→ **INFORMATION SUPPLIED**:

# # # # # # #

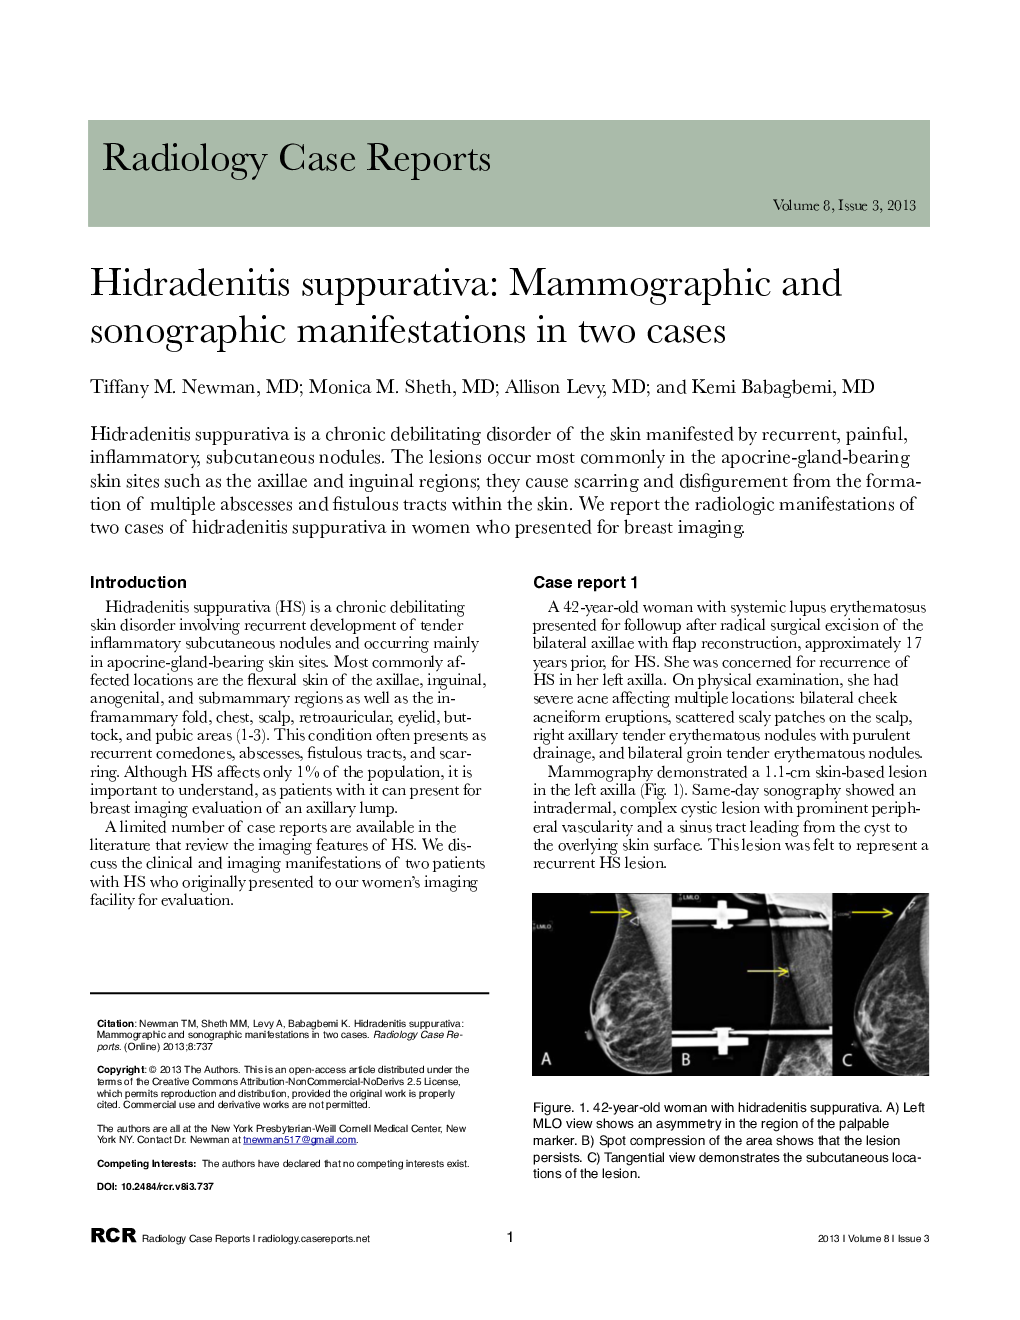 Hidradenitis suppurativa: Mammographic and sonographic manifestations in two cases
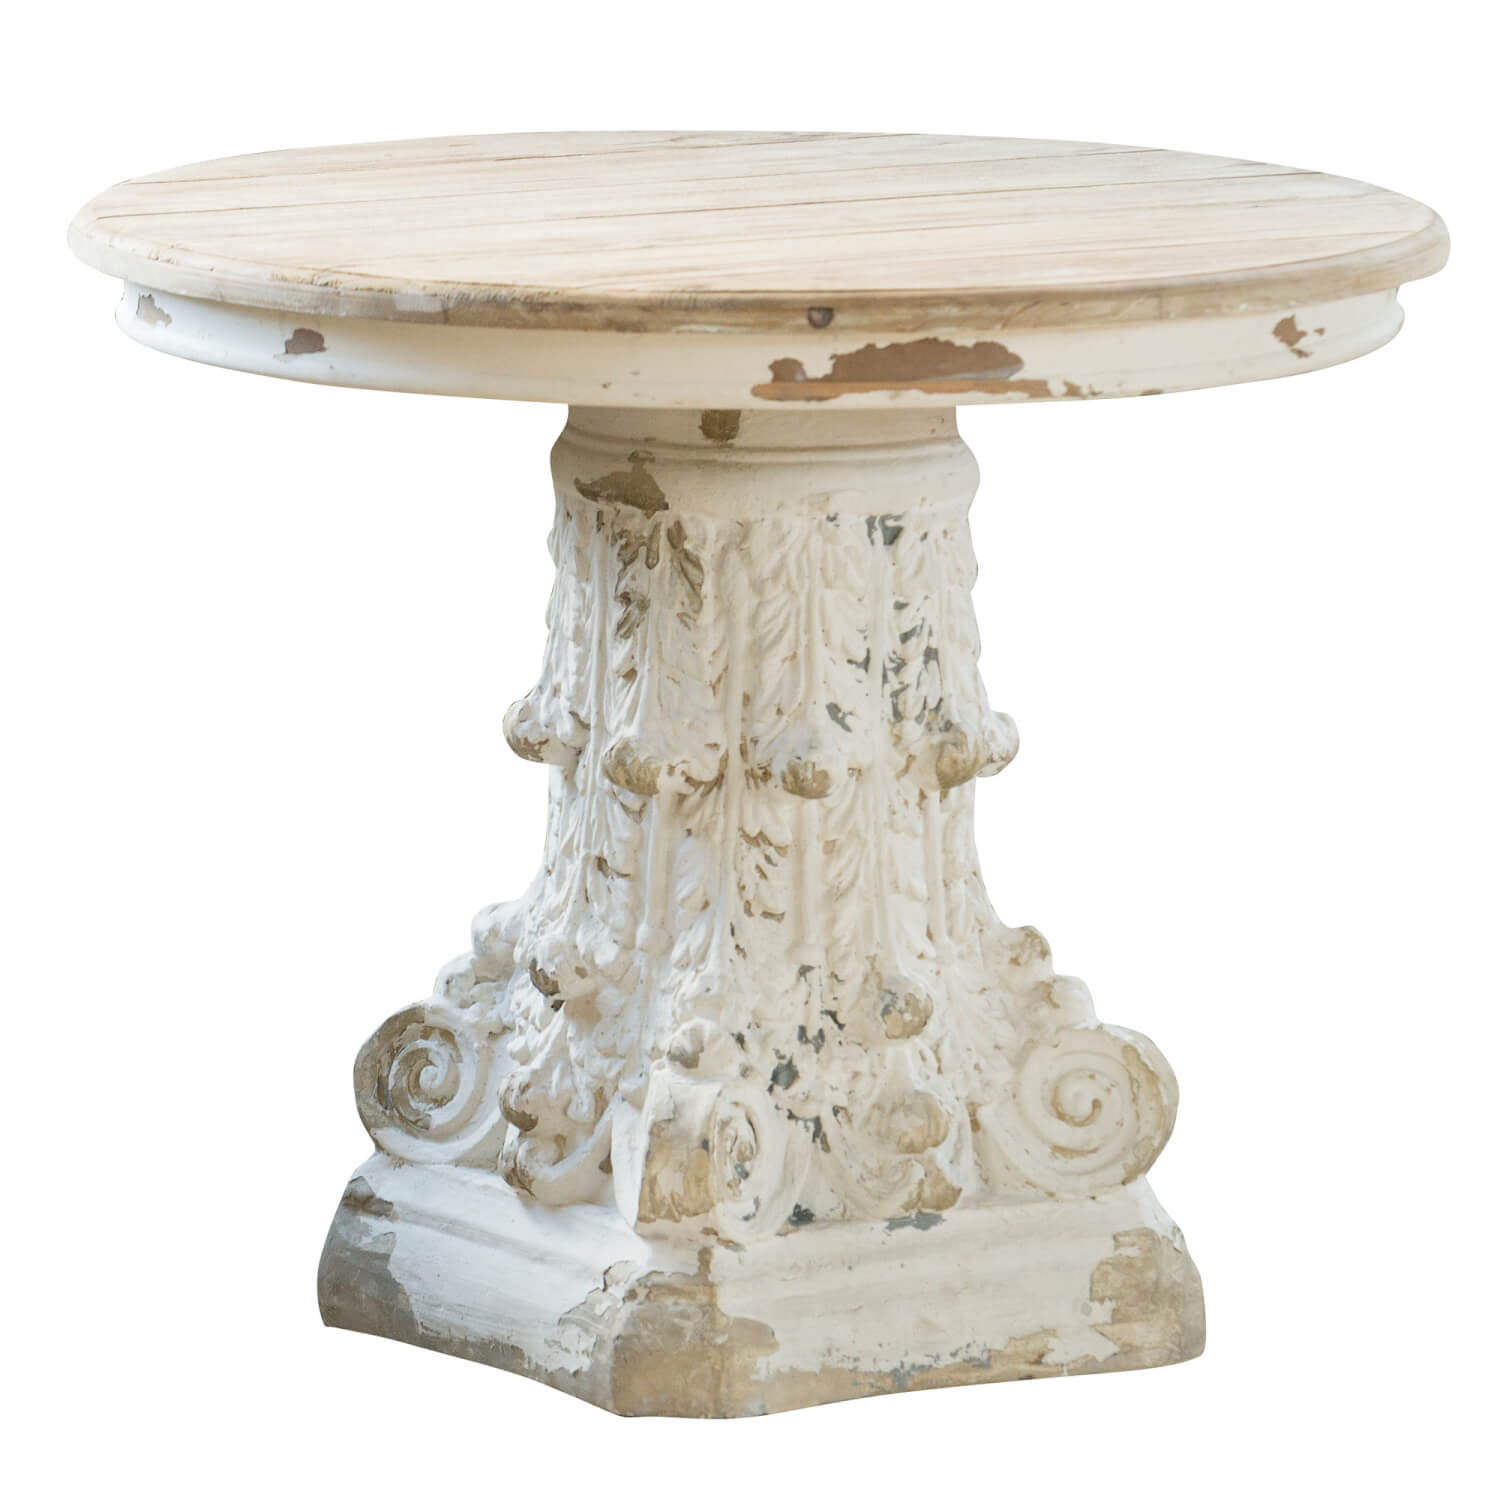 Taller Round Pedestal Table - Online Only
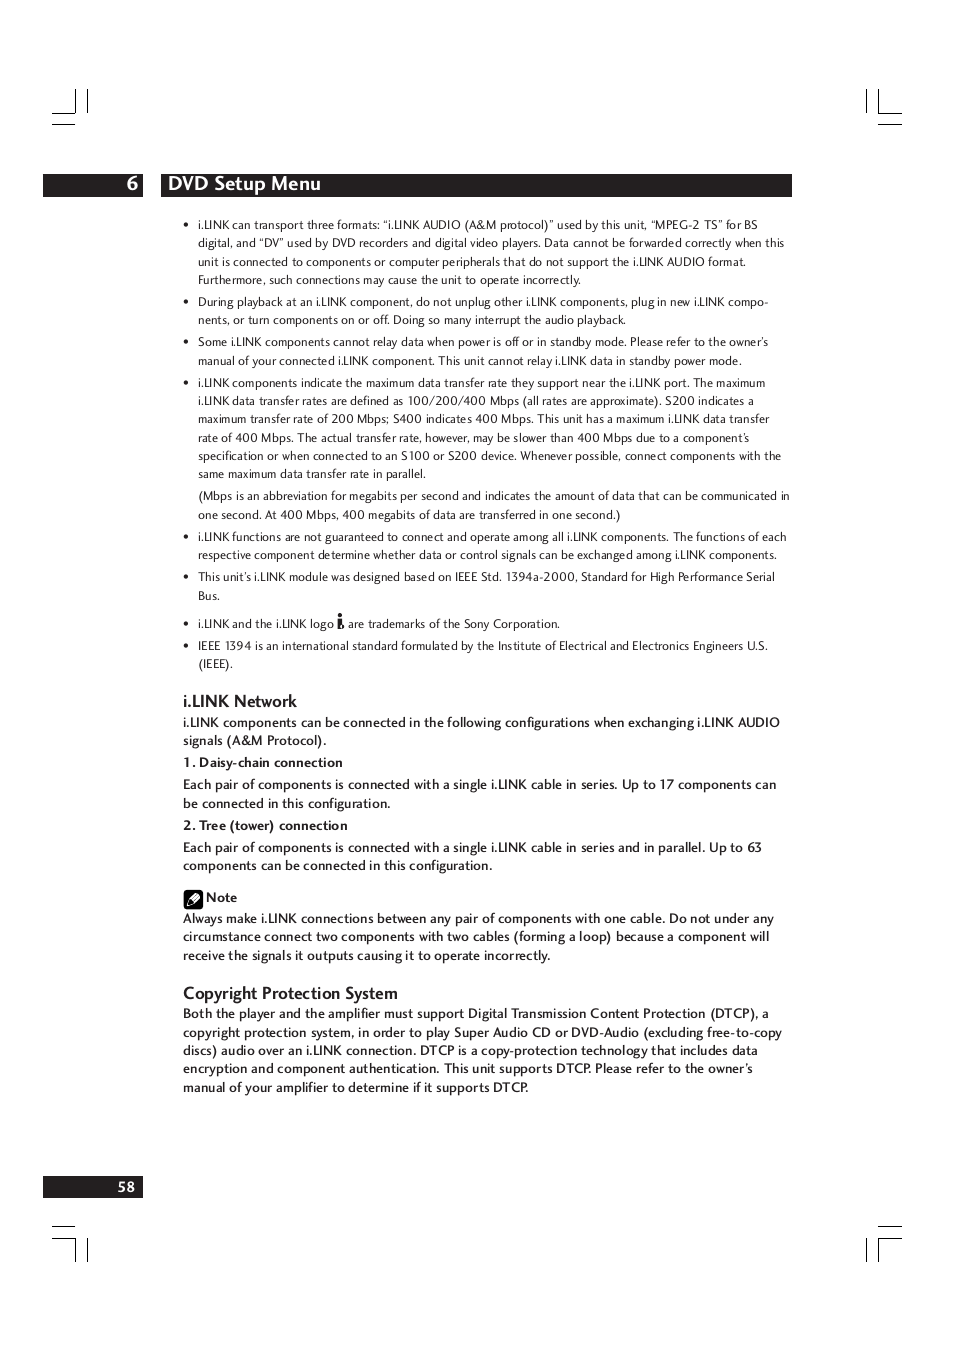 Dvd setup menu 6, I.link network, Copyright protection system | Marantz DV9600 User Manual | Page 58 / 68

# # # # # # #

→ **AIM OF THE EXERCISE**: The whole listing should be restated word for word, with no pictures.

→ **ANSWER TO THIS EXERCISE**:
 Hidradenitis suppurativa: Mammographic and sonographic manifestations in two cases
 Taller Round Pedestal Table - Online Only
 Dvd setup menu 6, I.link network, Copyright protection system | Marantz DV9600 User Manual | Page 58 / 68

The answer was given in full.